An implementation of Apache's svndumpfilter that solves some common problems.
svndumpfilterIN was developed on a Linux machine using
- Python 2.6.6
- nosetests version 1.1.2
WARNING Before starting the filter, make sure that the user running it has sufficient permissions to perform svnlook on your target directory.
Usage: svndumpfilter.py [OPTIONS] <input_dump> <SUBCOMMAND> [args]
Example Usage:
sudo python svndumpfilter.py input_name.dump include directory_name -r repo_path -o output_name.dump
Runs the svndumpfilter on input_name.dump
from repo_path
to carve out directory_name
and save the result to output_name.dump
.
The filter relies on svnlook to pull excluded files/directories that are eventually moved into included directories.
- Drops empty revision record when all node records are excluded from revision
Example : You have a revision record, but all the paths are for excluded directories. The result is that the node record will not show up in the final dump file.
- Renumbers revisions based on revisions that were dropped.
Example: There are 5 revisions and 3 revisions are empty because all their node records are for excluded paths. You will have an output dump file with 2 revisions, numbered Revision 1 and Revision 2.
- Scan-only mode where a quick scan of the dump file is done to detect whether untangling repositories will be necessary.
Example of untangling: You have a node record that has a copyfrom-path
that refers to an excluded directory.
You will need to untangle this by retrieving information about the file that you are copying from and add
it to a prior node record.
- Ability to strip
svn:mergeinfo
properties.
Example: You can strip svn:mergeinfo properties. Svnadmin tries to resolve merge info from svn:mergeinfo
properties,
and in case of heavy filtering they are broken because of the dropped revisions. Such dumps cause svnadmin to fail import.
Arguments: -x
, --strip-mergeinfo
.
- Ability to start filtering at any revision.
Example: You can start filtering at revision 100 if you have already loaded the first 100 previously from another dump file.
- Automatically untangles revisions.
Example: Whenever you reference an excluded path from an included node-path, you will automatically have the excluded data loaded in a prior record.
- Path matching is done on more than just the top-level.
Example: You can match to repo/dir1/dir2
which is more than the repo/dir1/
which is as deep as some filters
can match to.
- Added functionality to add dependent directories due to matching at more than the top-level.
Example: If you match at more than a top-level, you will need to add dependents for paths that are more than 1
level deep. For example, if you only include repo/dir1
, you will need to have a node add repo
before the
node record that adds repo/dir1
.
- Paths to include/exclude can now be read from a file.
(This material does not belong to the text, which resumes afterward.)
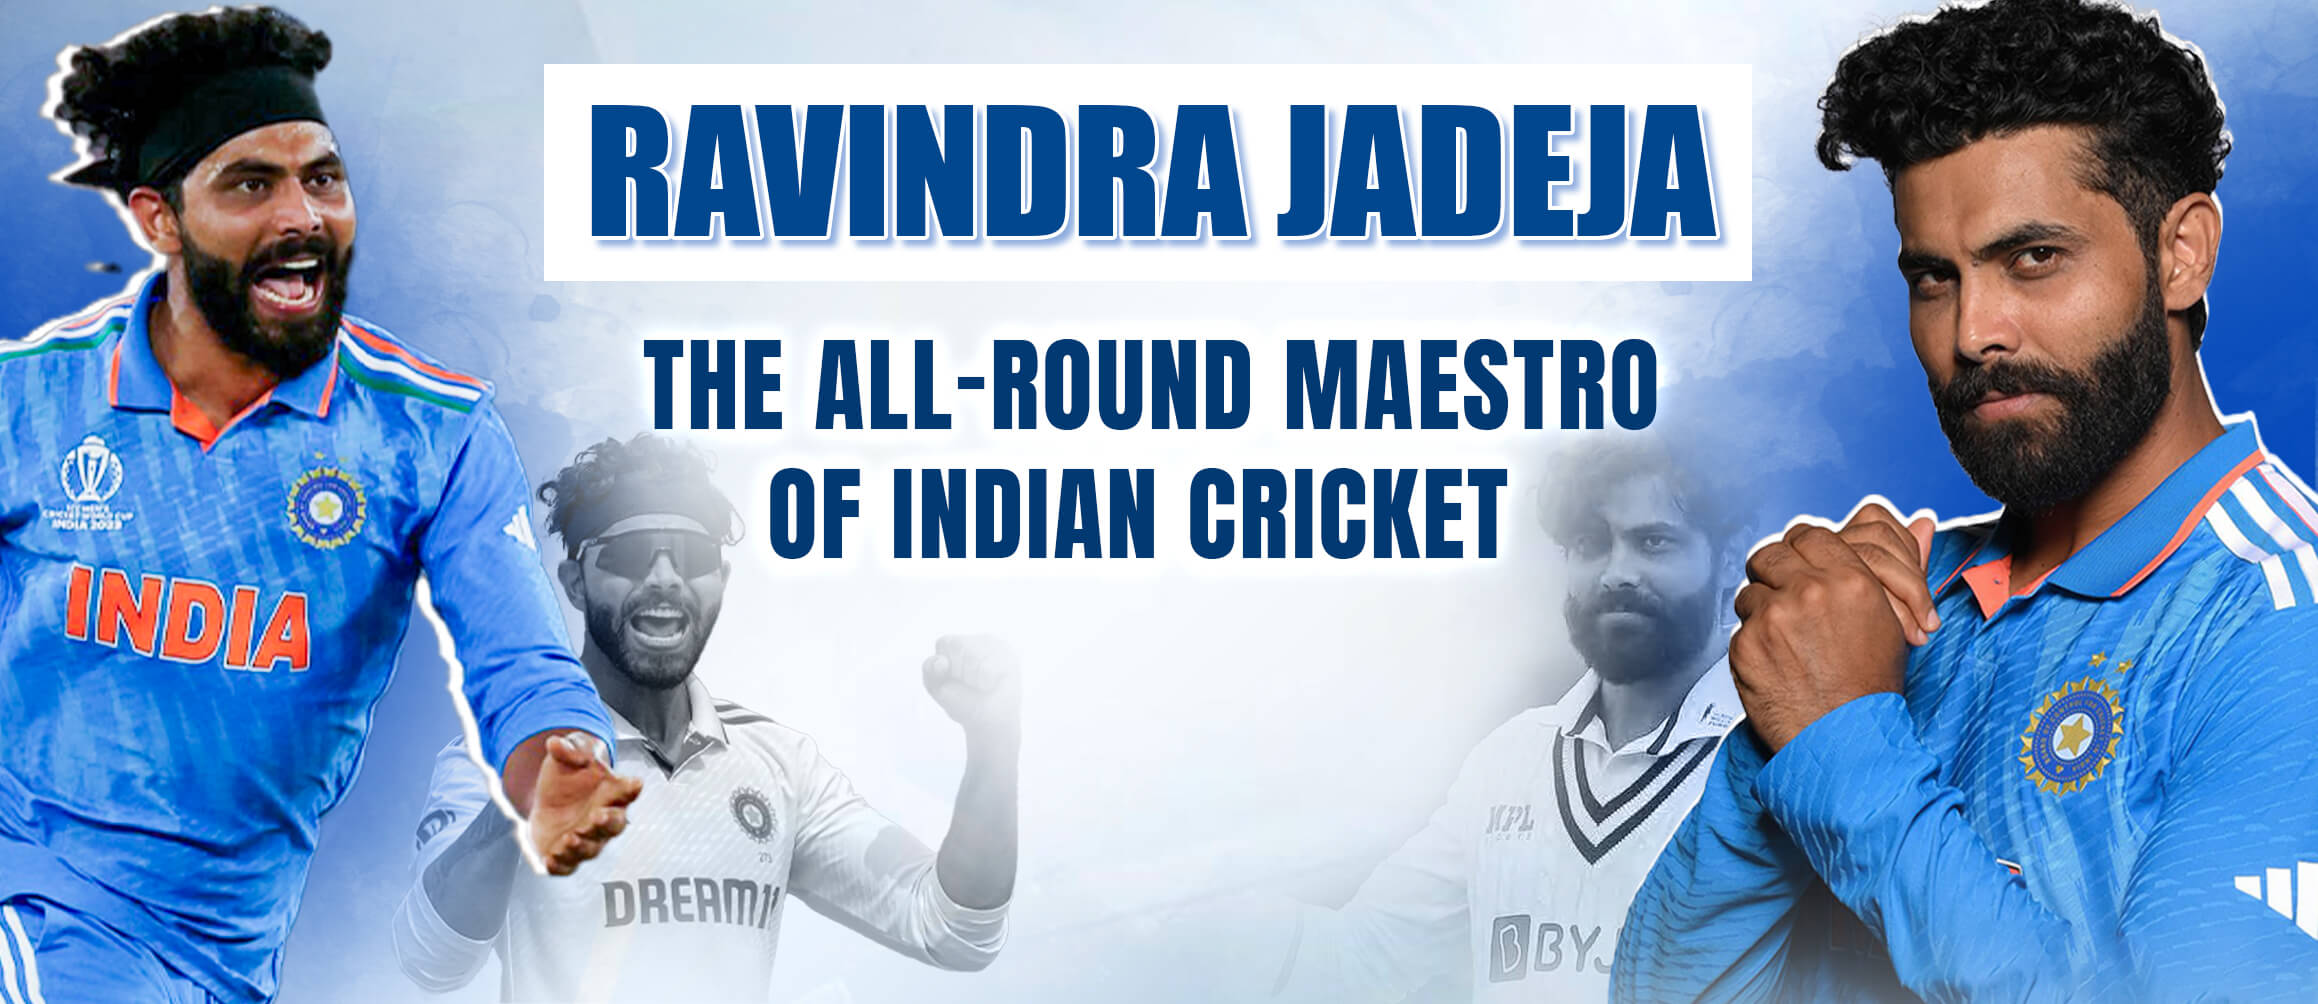 Ravindra Jadeja The All-Round Maestro of Indian Cricket

Example: You can now add --file
to specify a file to read matched paths from.
- Property tags are added to differentiate dump filter generated items.
Example: For the property header, a key, K 23
as svndumpfilter generated
, is appended with a value, V 4
as True
.
To file issue reports, use the project's issue tracker on GitHub.
When creating an issue, please provide a sample of the dump file that is creating the problem or provide a method to reproduce it.
Patches are also welcome to the problems you encounter.